The Navajo Nation has one of the largest single outstanding claims in the Colorado River basin. Delegates acknowledged the gravity of their vote Thursday, with many noting that securing water deliveries to tribal communities has been an effort that has spanned generations.
“Thank you for helping make history today,” Navajo Council Speaker Crystalyne Curley told her fellow delegates as they stood and clapped after casting a unanimous vote.
The San Juan Southern Paiute Tribal Council also voted to approve the settlement Thursday, while the Hopi tribe approved it earlier this week. Congress will have the final say.
Congress has enacted nearly three dozen tribal water rights settlements across the U.S. over the last four decades and federal negotiation teams are working on another 22 agreements involving dozens of tribes. In this case, the Navajo, Hopi and San Juan Southern Paiute tribes are seeking more than $5 billion as part of their settlement.
About $1.75 billion of that would fund a pipeline from Lake Powell, one of the two largest reservoirs in the Colorado River system, on the Arizona-Utah border. The settlement would require the U.S. Bureau of Reclamation to complete the project by the end of 2040.
From there, water would be delivered to dozens of tribal communities in remote areas.
Nearly a third of homes in the Navajo Nation — spanning 27,000 square miles (70,000 square kilometers) of Arizona, New Mexico and Utah — don’t have running water. Many homes on Hopi lands are similarly situated.
Navajo President Buu Nygren plans to sign the settlement legislation as soon as it hits his desk, likely Friday. He told The Associated Press it had been a long road to get everyone to the table and the next step will be knocking on the doors of Congress.
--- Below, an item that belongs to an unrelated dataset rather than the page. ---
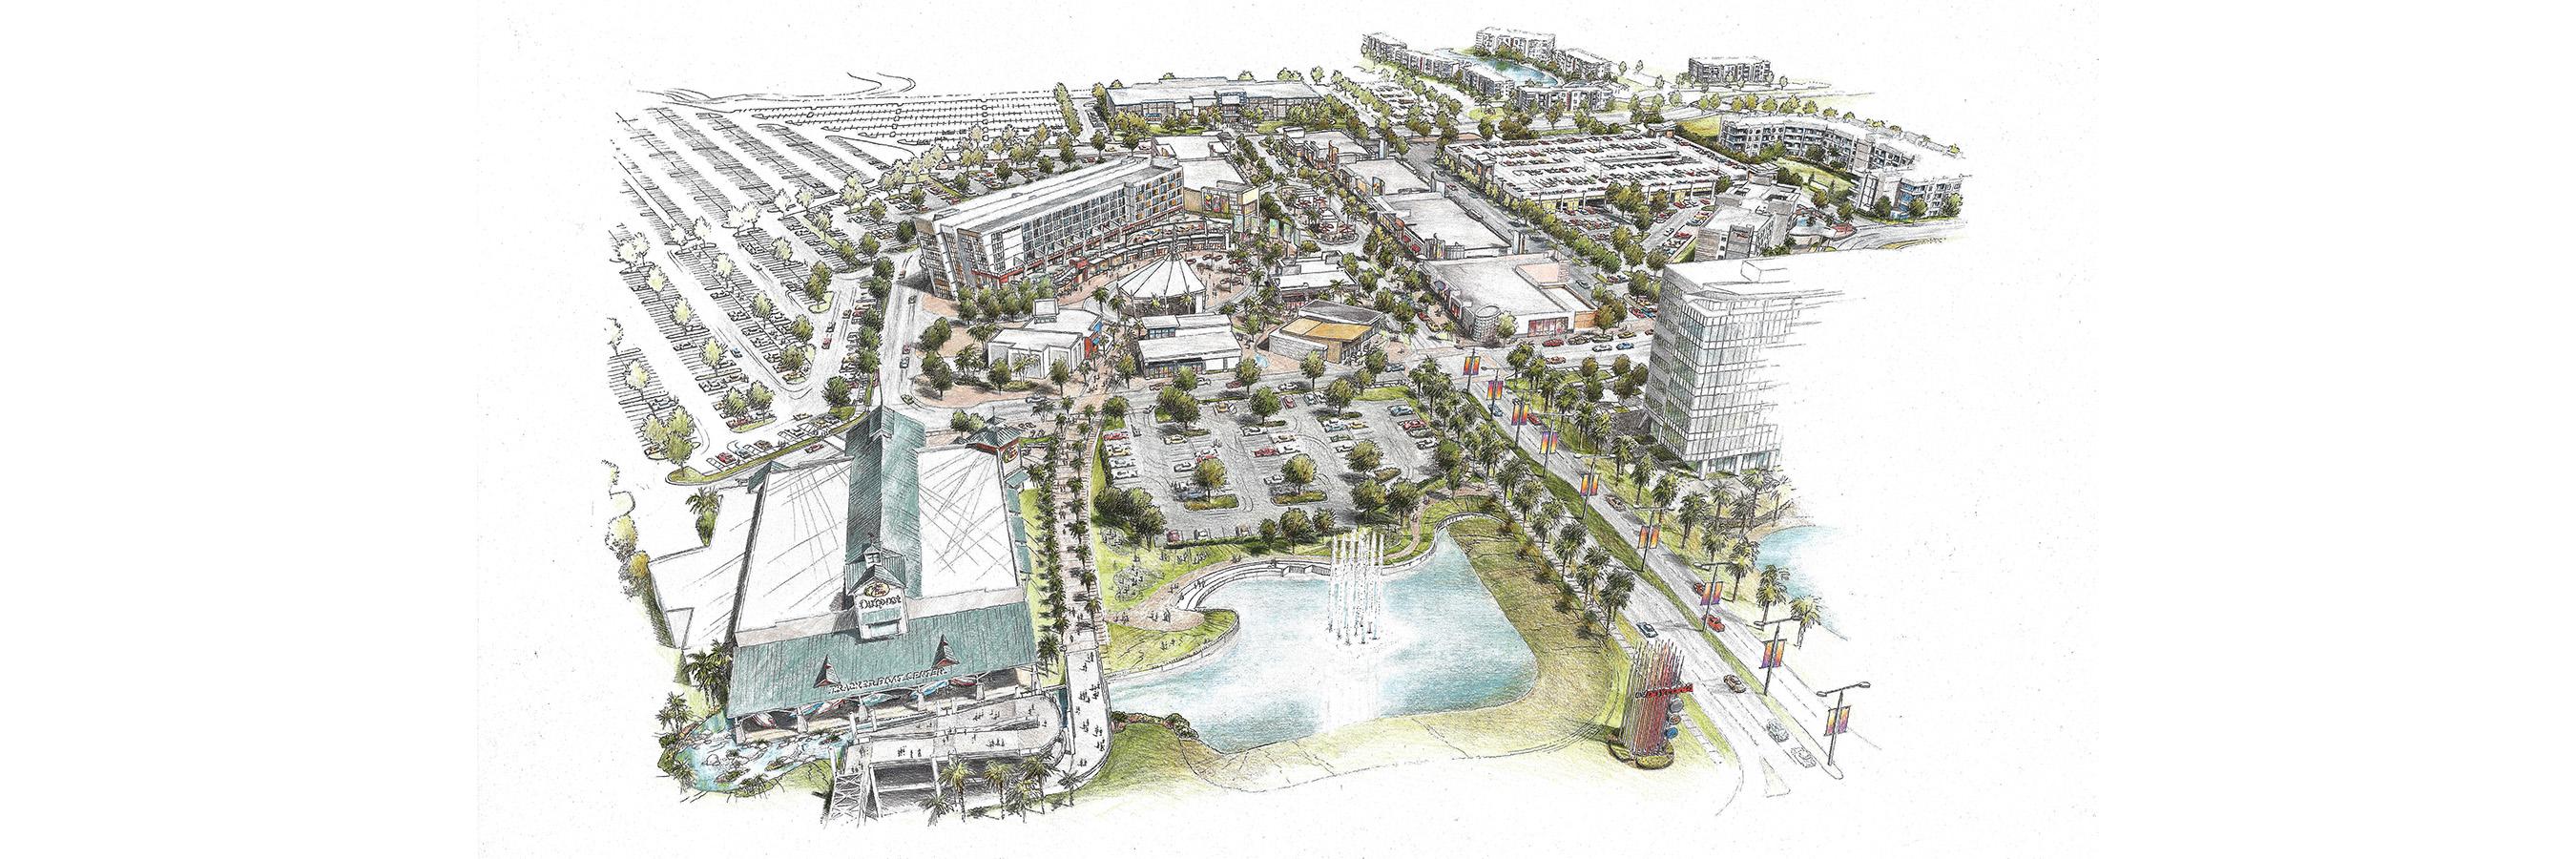 ONE DAYTONA, Daytona Beach's premier retail, dining and entertainment destination

“This is a tremendous step,” he said of the tribes’ unanimous votes. “We can finally plan for the future now, because of course it’s hard to plan for the future when you don’t know how much water we’re thinking about.”
A century ago, tribes were left out of a landmark 1922 agreement that divided the Colorado River basin water among seven Western states. Now, the tribes are seeking water from a mix of sources: the Colorado River, the Little Colorado River, aquifers and washes on tribal lands in northeastern Arizona.
The latest settlement talks were driven in part by worsening impacts from climate change and demands on the river like those that have allowed Phoenix, Las Vegas and other desert cities to thrive. The Navajo, Hopi and San Juan Southern Paiute tribes are hoping to close the deal quickly under a Democratic administration in Arizona and with Joe Biden as president.
Without a settlement, the tribes would be at the mercy of courts. Already, the U.S. Supreme Court has ruled that the federal government is not bound by treaties with the Navajo Nation to secure water for the tribe. Navajo has the largest land base of any of the 574 federally recognized tribes and is second in population with more than 400,000 citizens.
A separate case that has played out over decades in Arizona over the Little Colorado River basin likely will result in far less water than the Navajo Nation says it needs because the tribe has to prove it has historically used the water. That’s hard to do when the tribe hasn’t had access to much of it, Navajo Attorney General Ethel Branch has said.
Arizona — situated in the Colorado River’s Lower Basin with California, Nevada and Mexico — is unique in that it also has an allocation in the Upper Basin. The state would get certainty in the amount of water available as it’s forced to cut back as the overall supply diminishes.
Navajo and Hopi, like other Arizona tribes, could be part of that solution if they secure the right to lease water within the state that could be delivered through a canal system that already serves metropolitan Tucson and Phoenix.
Arizona water officials have said the leasing authority is a key component of the settlement.